ところでカイルは中心の球体がユニバーシウムである事を知った。
ユニバーシウムは空間内に存在しているエネリオンを吸着する性質があり、またエネリオン体を作り出し維持するのにエネリオンを消費し、その失われた分のエネリオンを吸収する。

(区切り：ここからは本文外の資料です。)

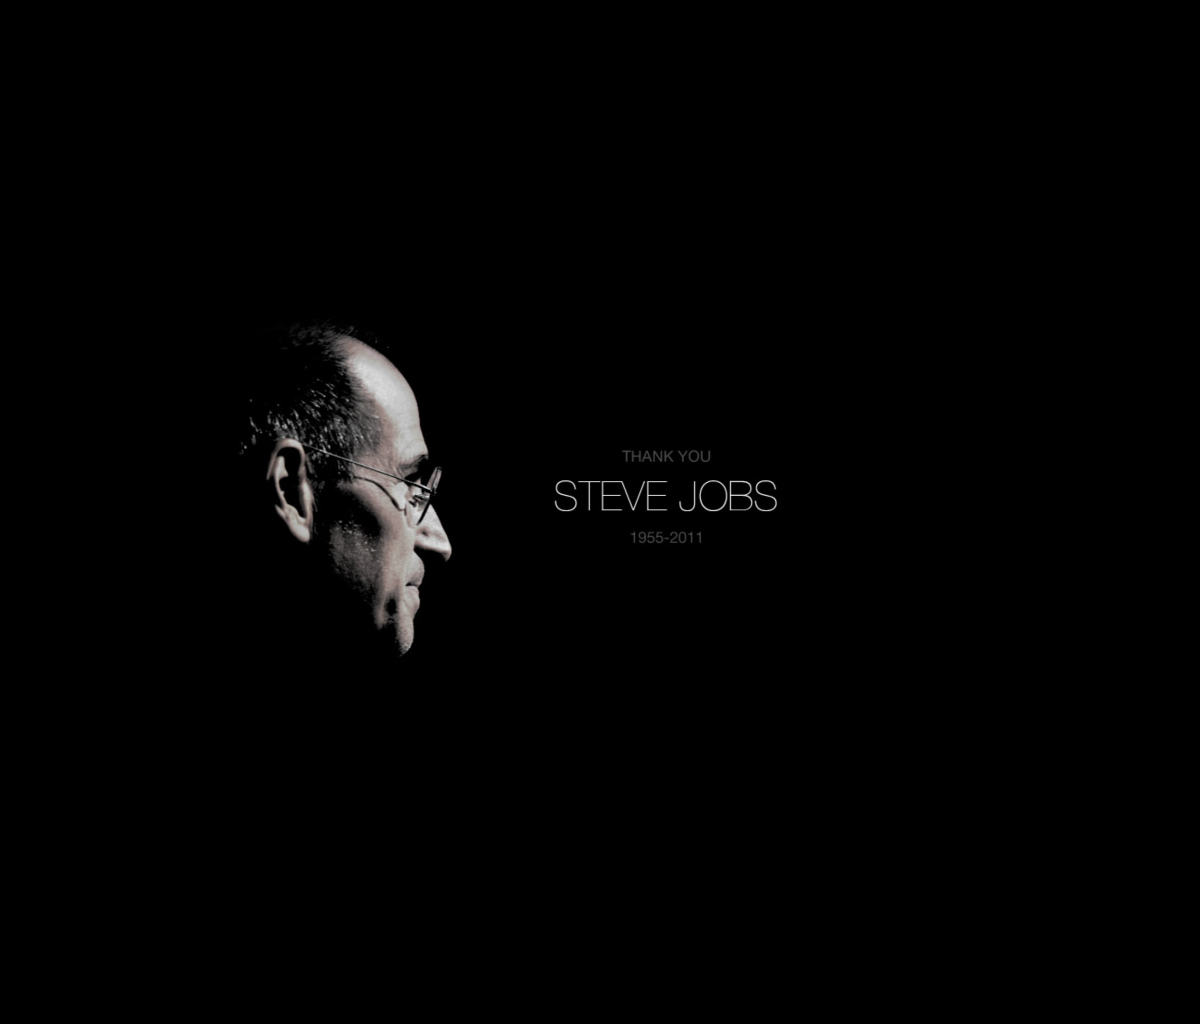 Thank you Steve Jobs screenshot #1 1200x1024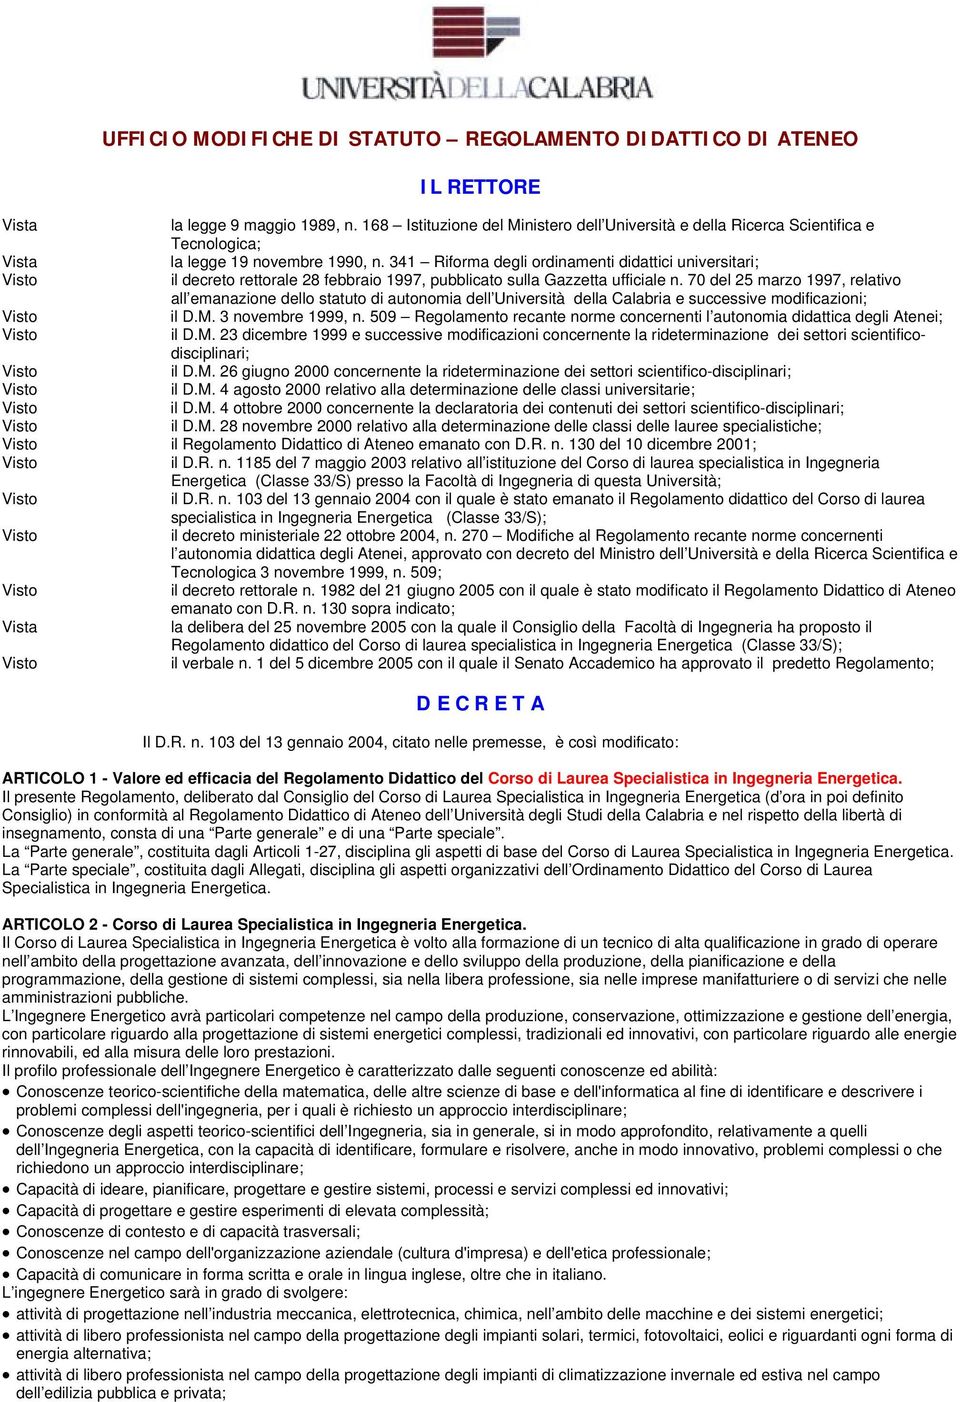 341 Riforma degli ordinamenti didattici universitari; il decreto rettorale 8 febbraio 1997, pubblicato sulla Gazzetta ufficiale n.

これがユニバーシウムを利用した擬似的な永久機関である。
更にエネリオンは宇宙を構成するダークマターと同様に宇宙空間が広がっても密度が保たれるという性質を持ち、質量・エネルギー保存の法則が当てはまらない。
要するにエネリオンは幾ら使っても尽きる事が無い。
そしてユニバーシウムにプログラムを書き込めば指定の通りにエネリオンを変化させる。
このユニバーシウムの球体に記載されているのは「コントローラー」の脳の情報と強靭な肉体。
つまり見た目が全く違っても脳波パターンが同じである。
そして脳の情報が同じであれば、
「......奴も他人を操る能力がある......。」
その時だった。
「ウガアアアアアアアアアア!!!!!!!!!!」
大柄な男が動き出した。
その咆哮にはその場に居た黒い男以外の全員が思わず振り向き、動揺した。
奴には途轍もなく強大な”力”がある、黒い男以外のこの場に居た者達は皆そう思い、未知的な恐怖に心を覆われた。